▶ **What is needed**: Please write out the listing exactly, leaving each picture out.

▶ **Material provided**:
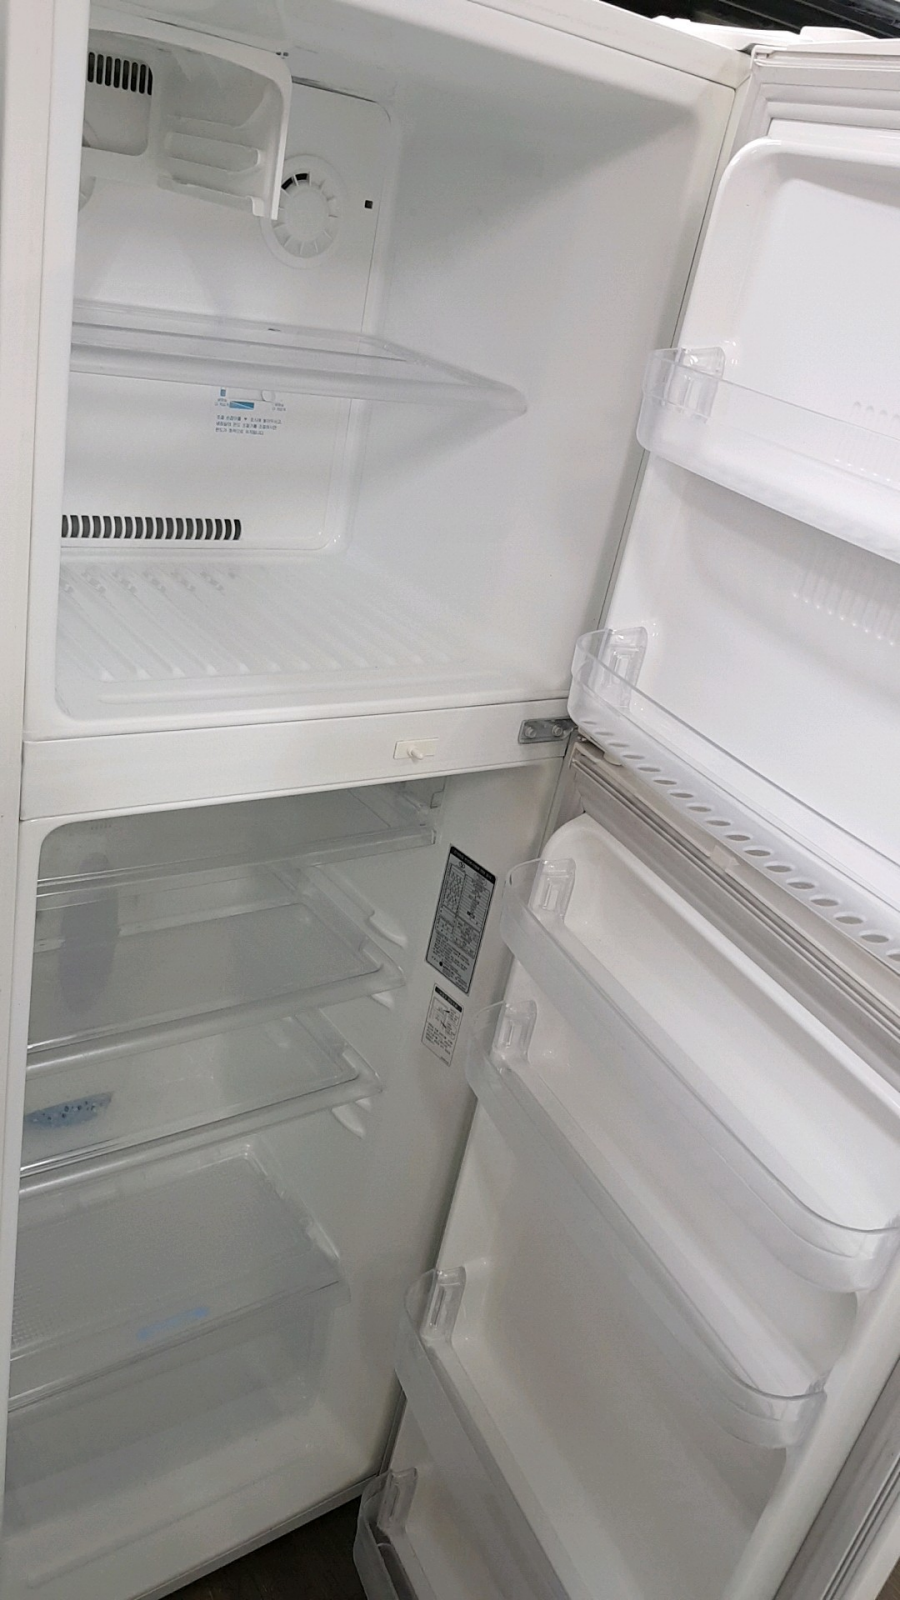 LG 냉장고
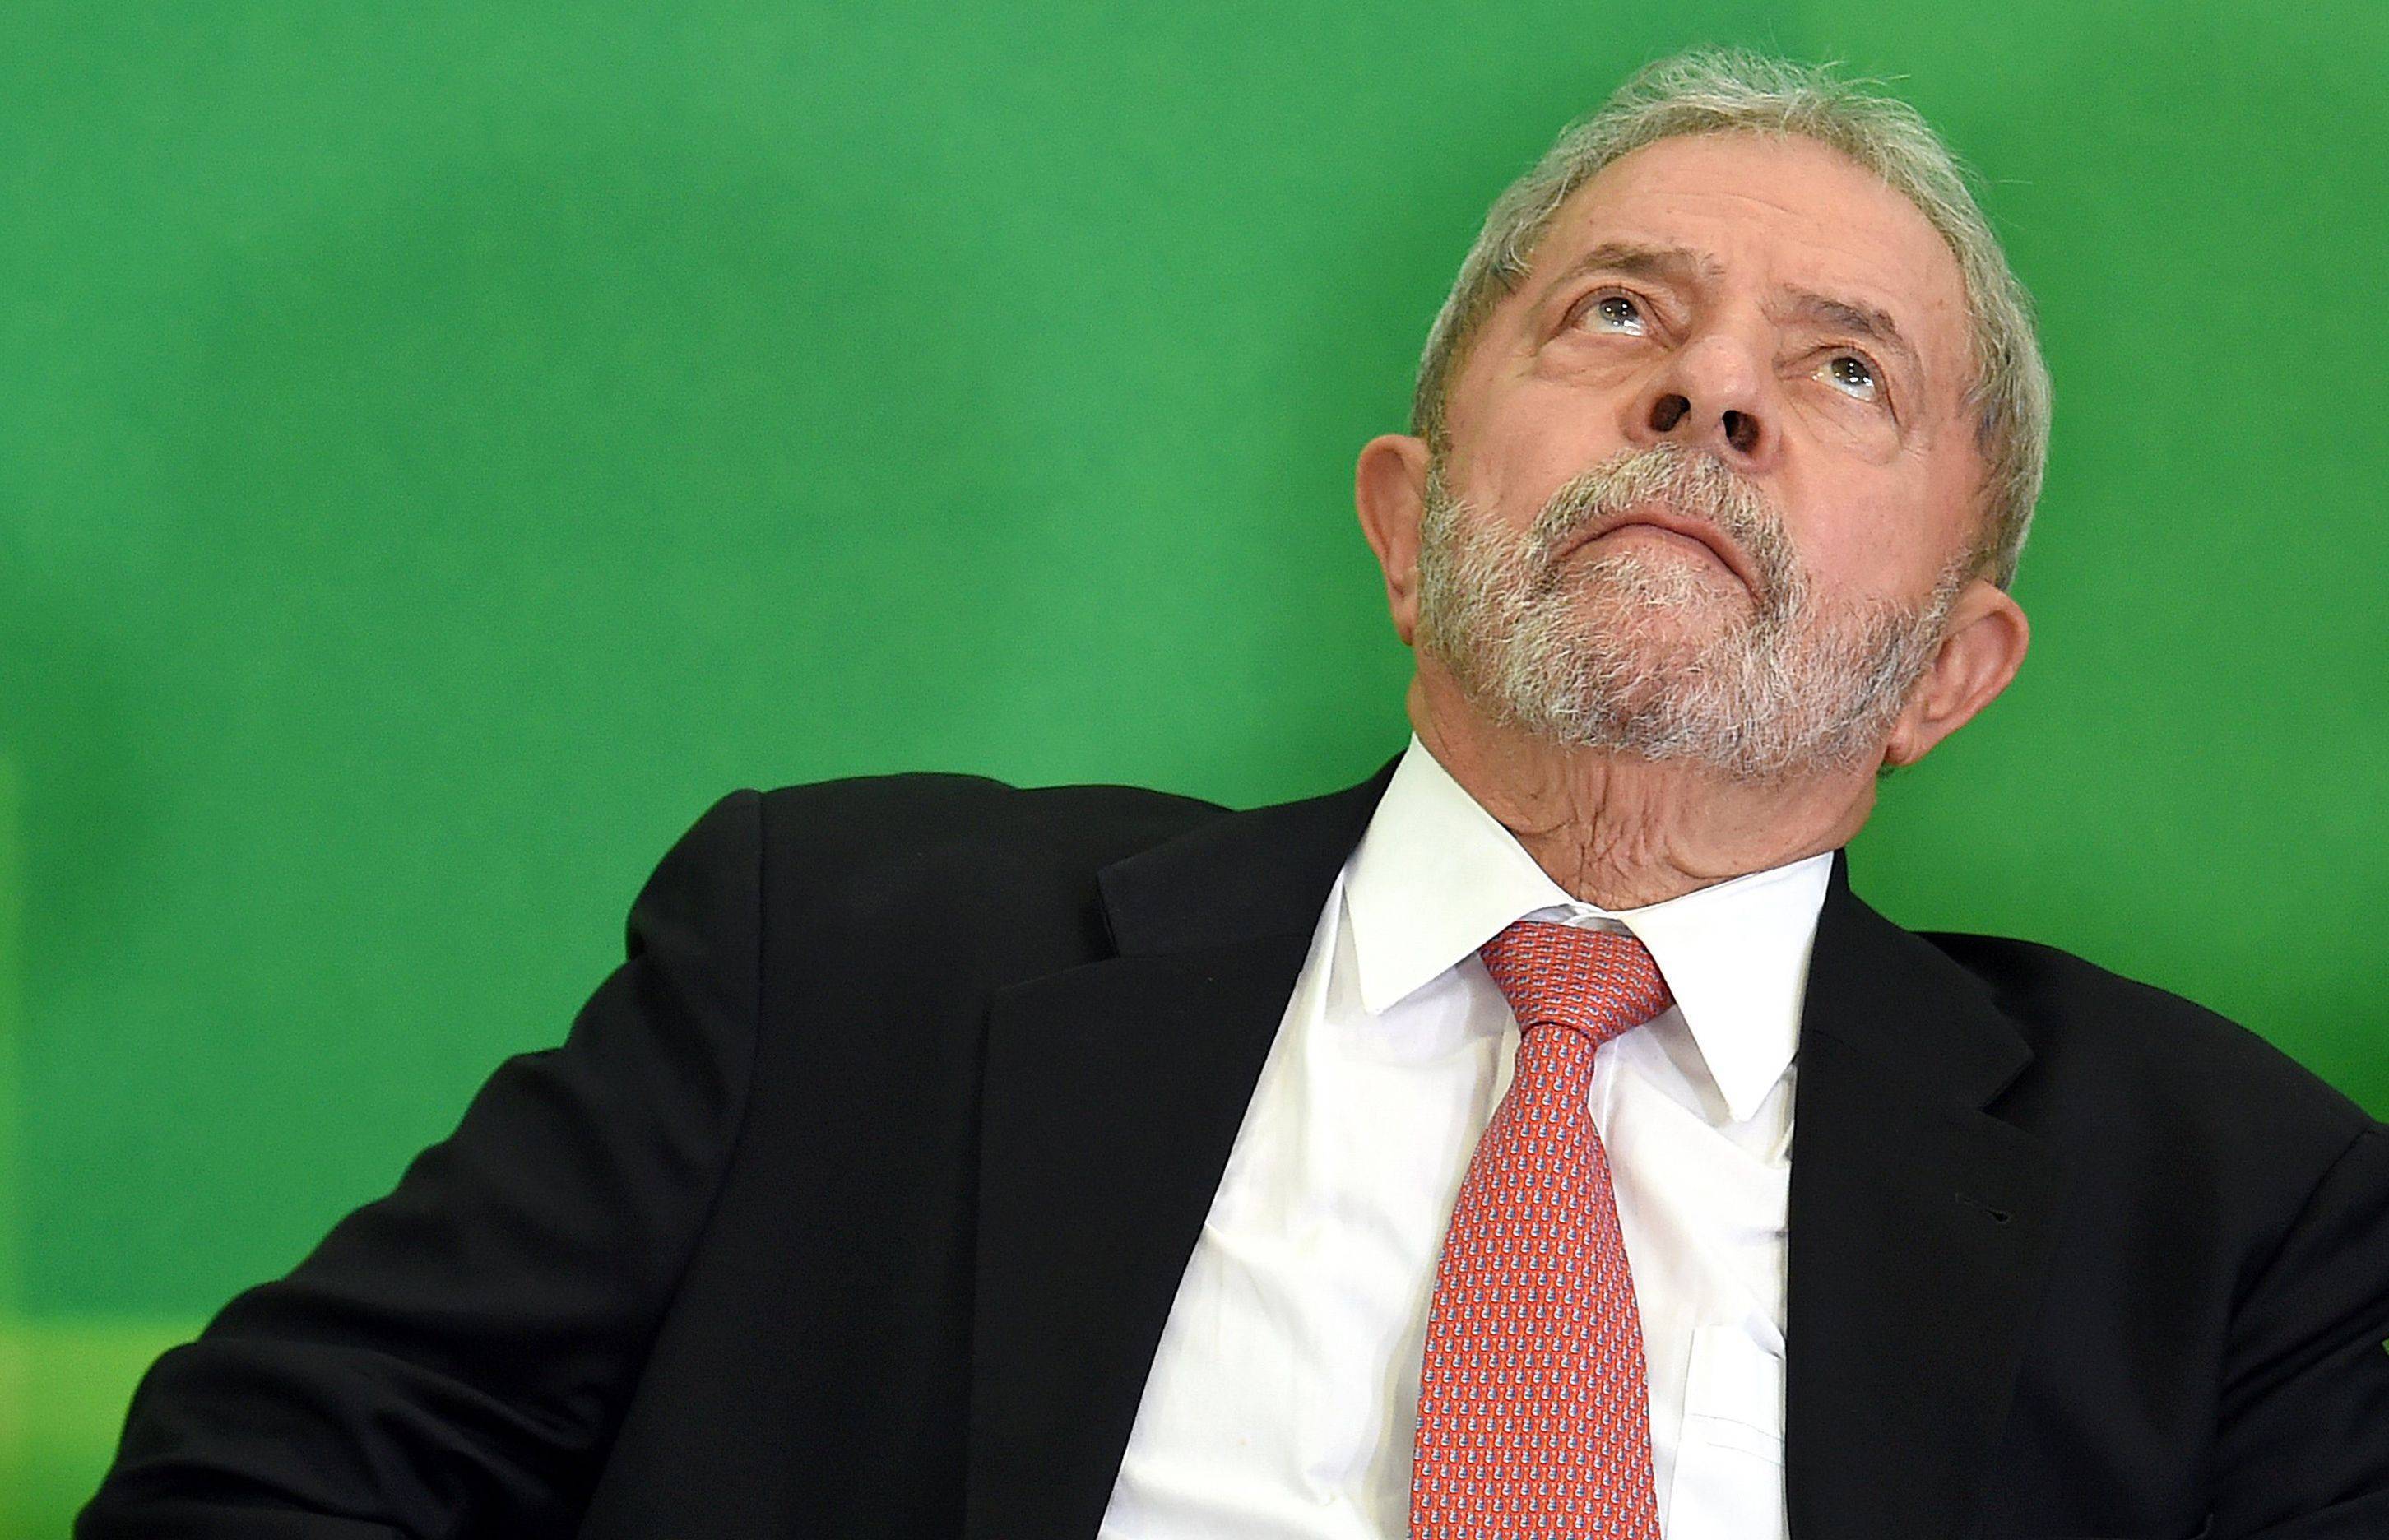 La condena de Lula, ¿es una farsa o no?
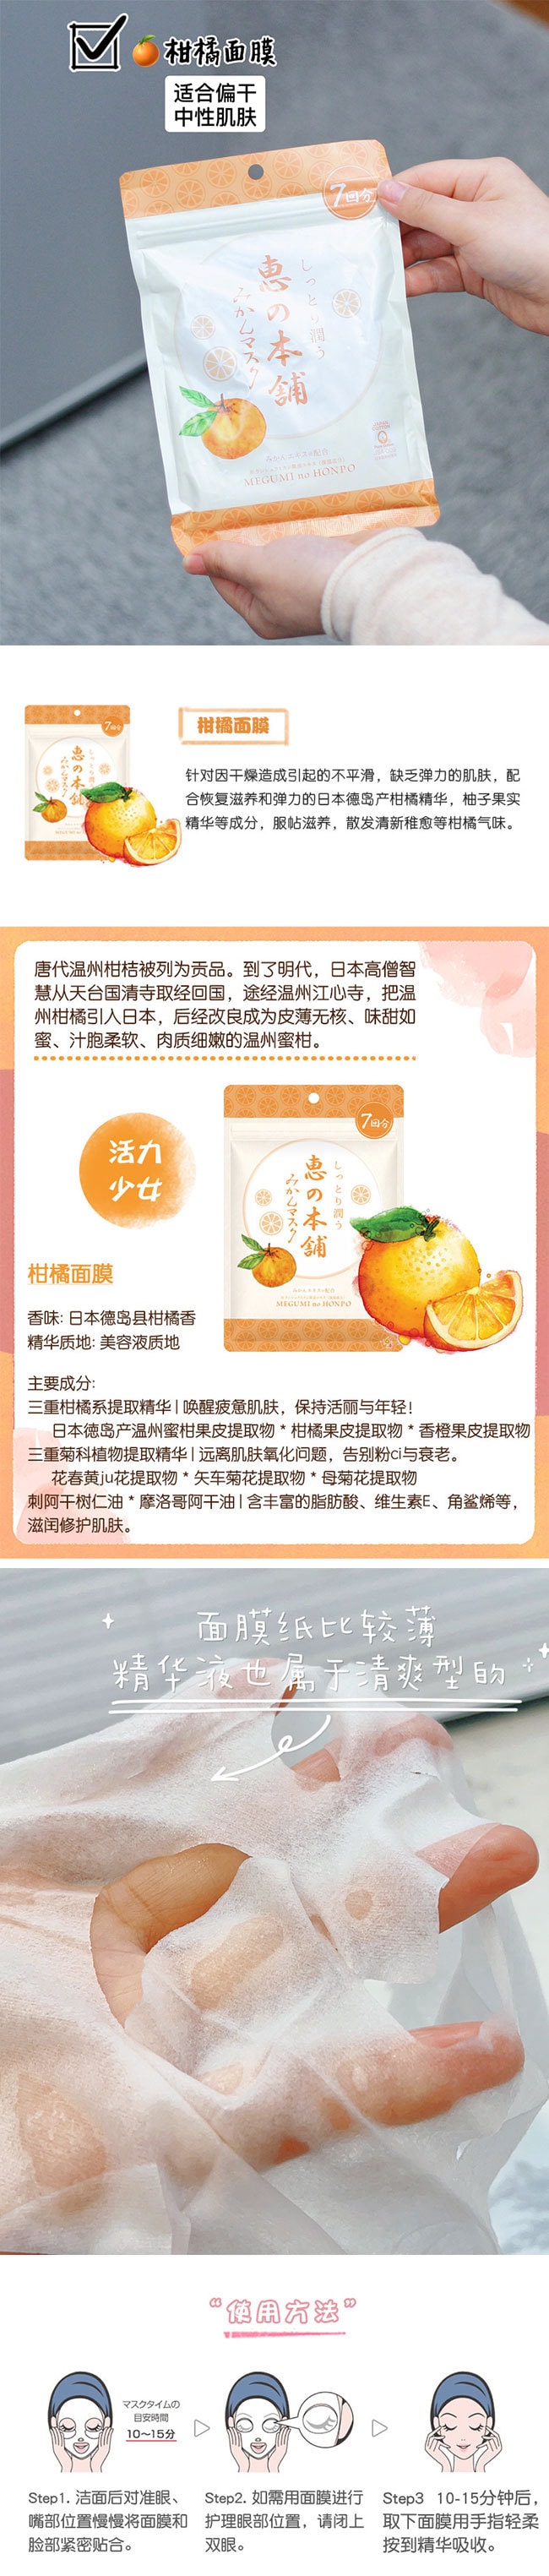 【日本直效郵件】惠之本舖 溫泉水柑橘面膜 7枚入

▶ **Result for this task**:
 LG 냉장고
 La condena de Lula, ¿es una farsa o no?
 【日本直效郵件】惠之本舖 溫泉水柑橘面膜 7枚入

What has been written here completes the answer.